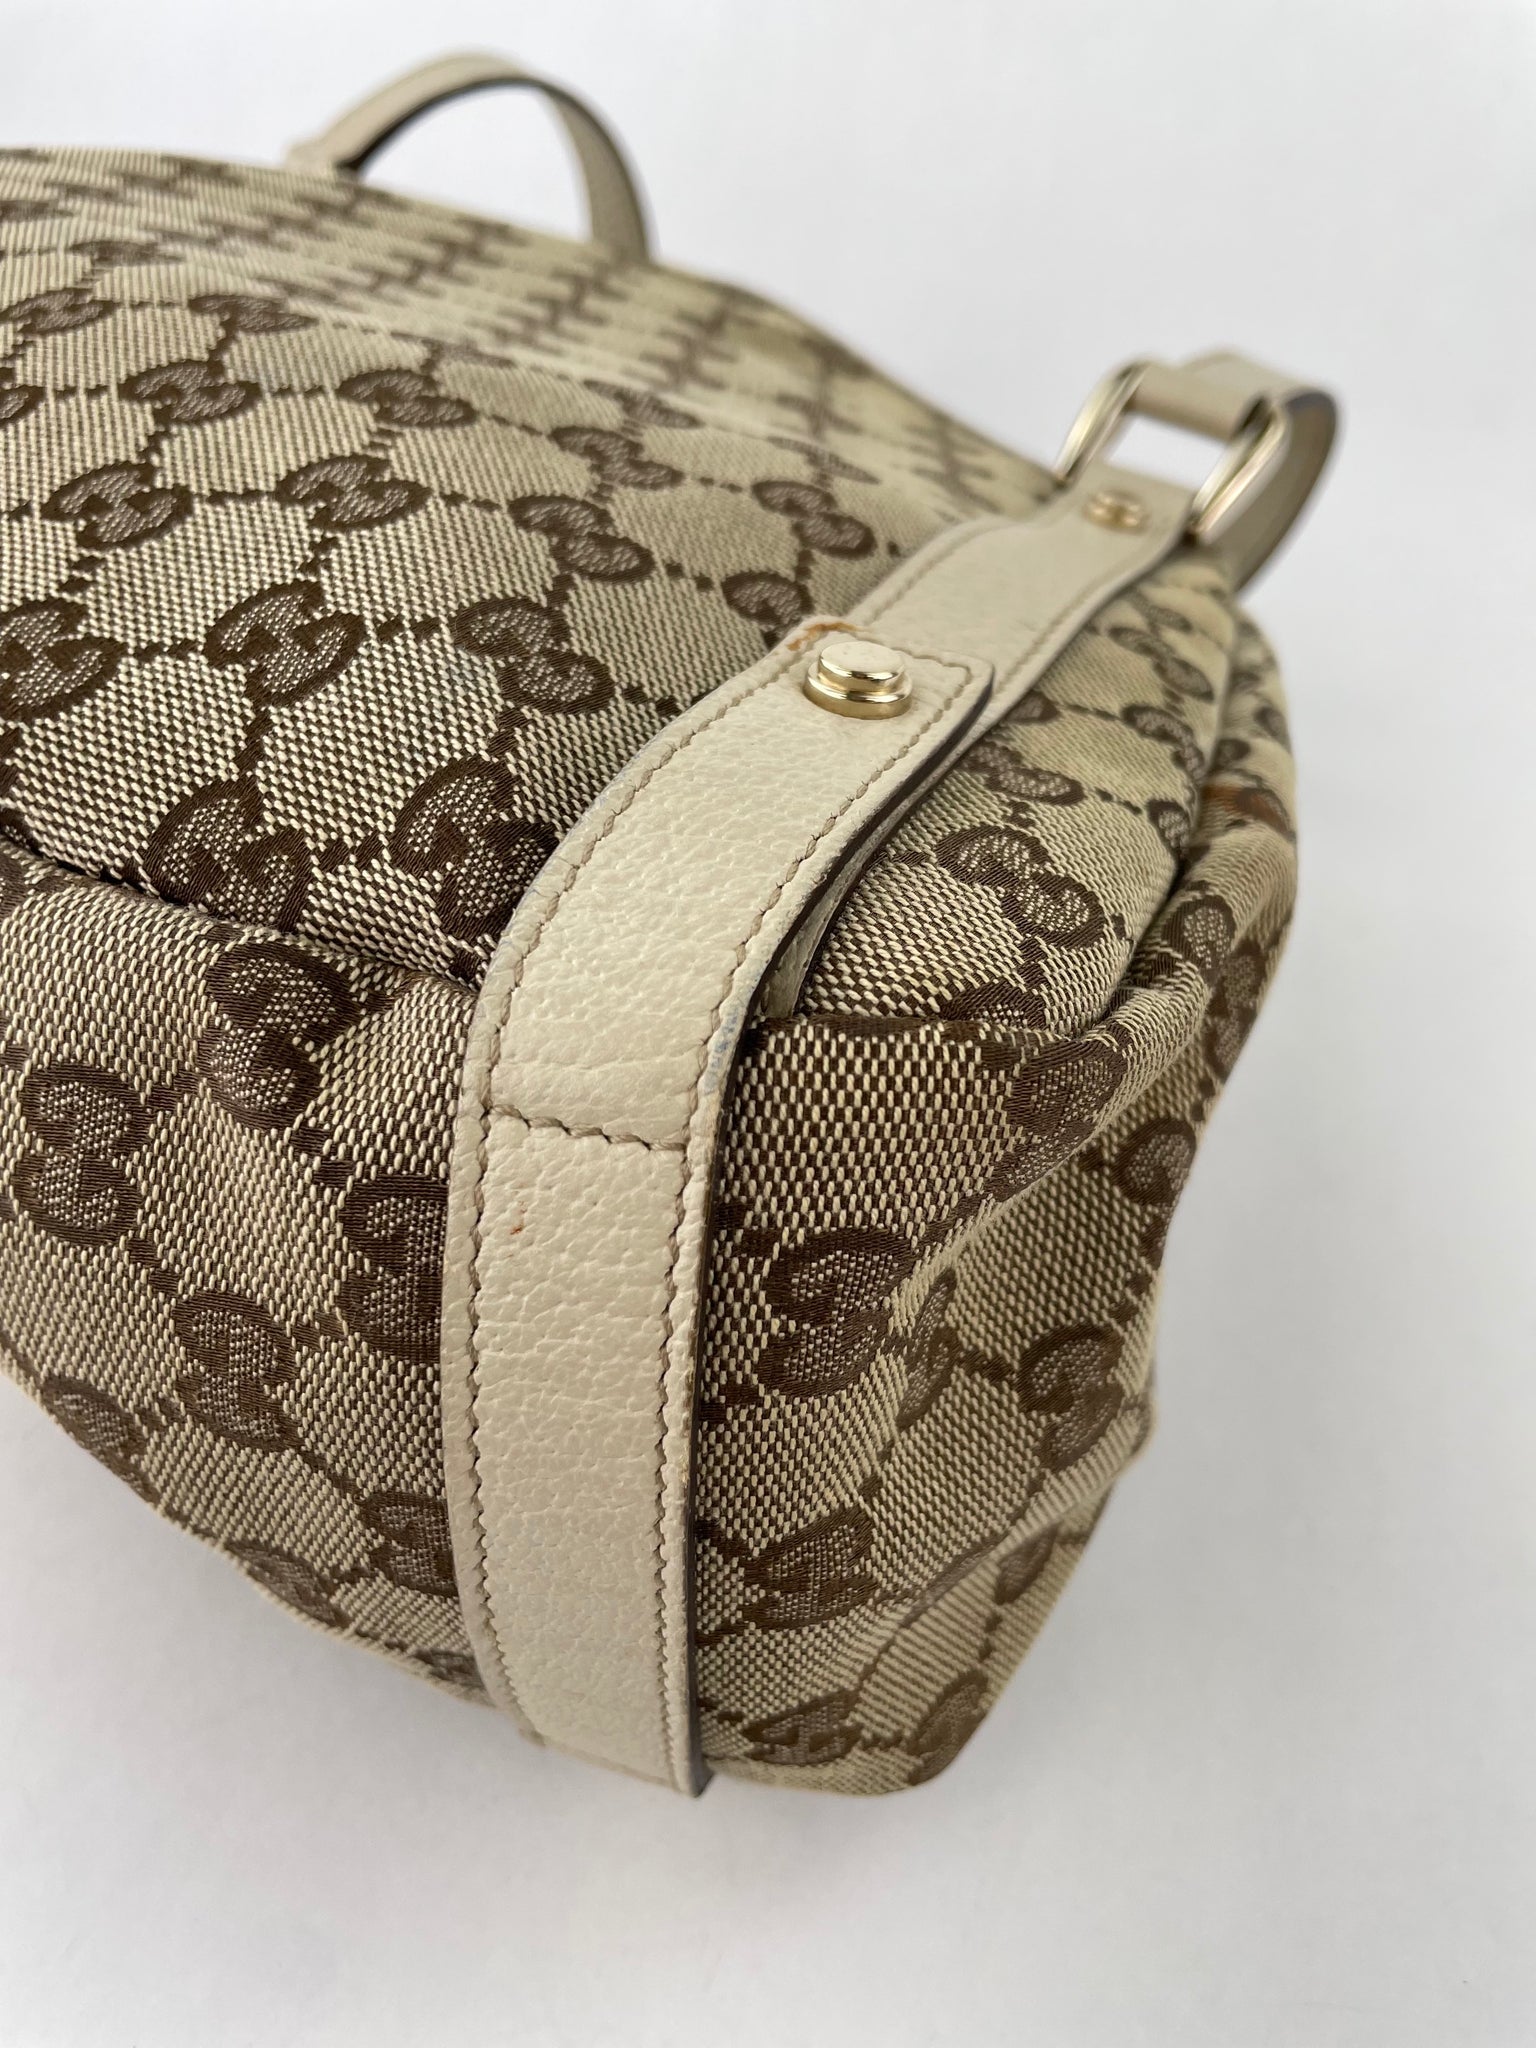 Louis Vuitton D-Ring Tote Bags
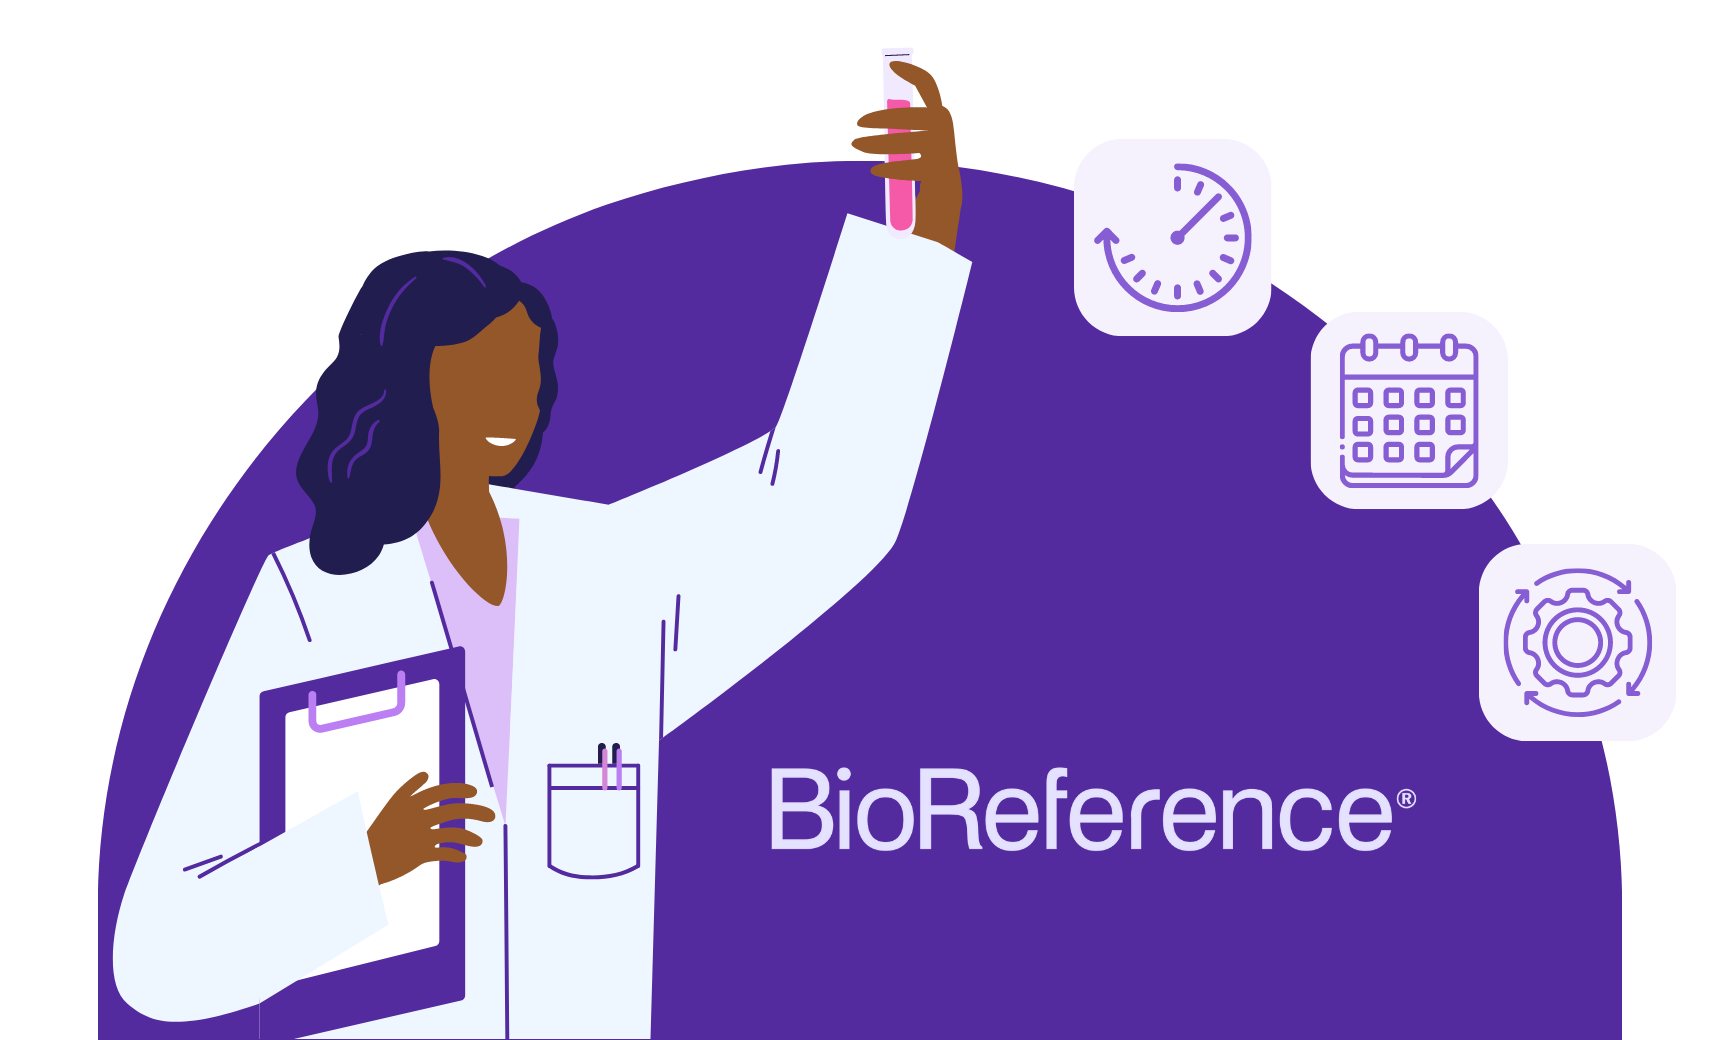 Powering Healthcare Excellence: BioReference and LabFinder Drive Digital Health Transformation
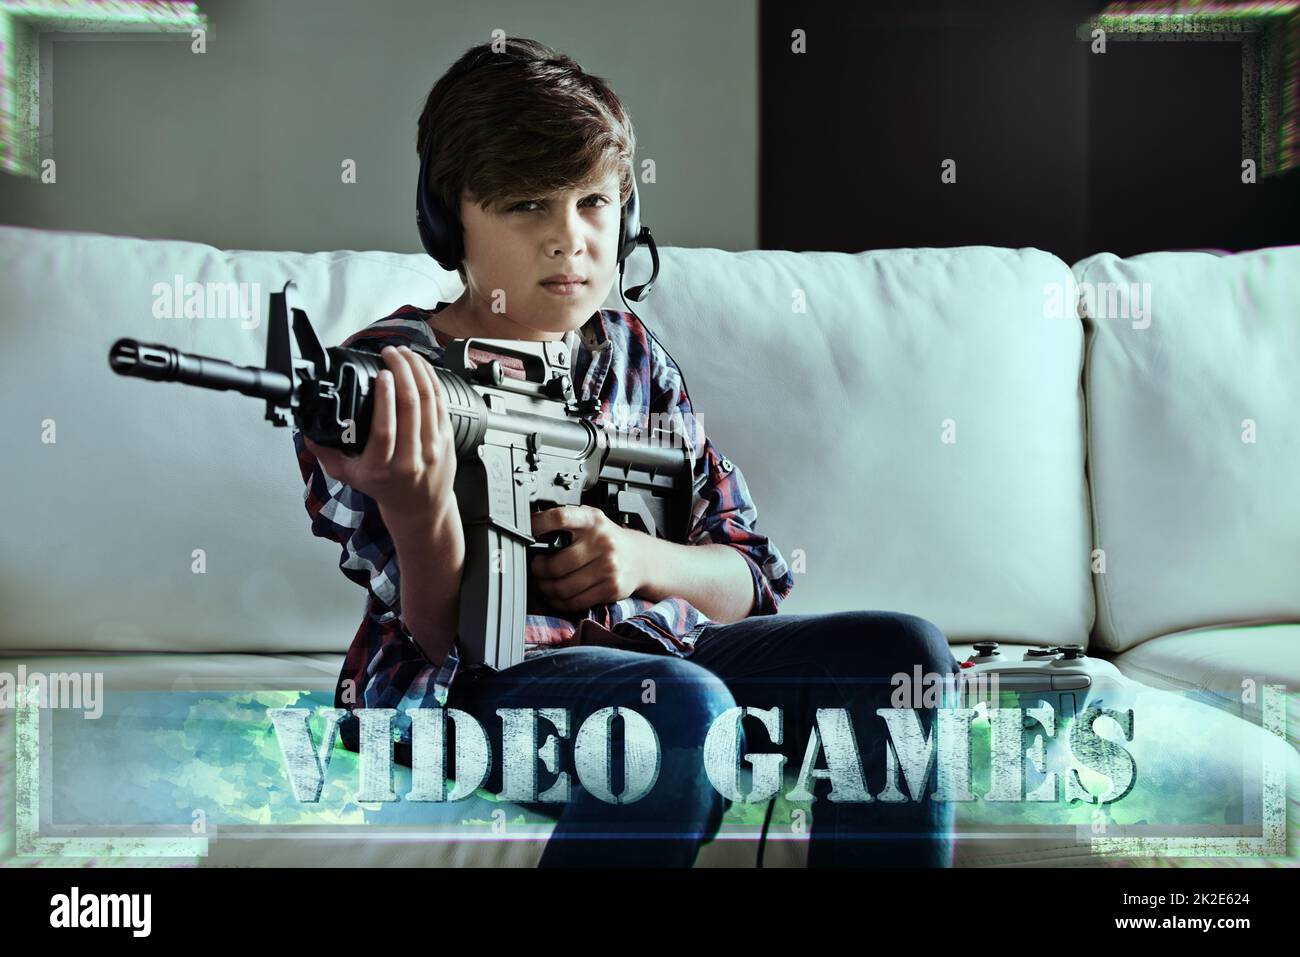 Lock and load time. Shot of a young boy playing violent video games. Stock Photo

**PROBLEM STATEMENT**
In the data above, find the line containing "Powering Healthcare Excellence: BioReference"; from there, please write out each line through the end, exactly, with the pictures omitted.

**THE ANSWER**
 Powering Healthcare Excellence: BioReference and LabFinder Drive Digital Health Transformation
 Lock and load time. Shot of a young boy playing violent video games. Stock Photo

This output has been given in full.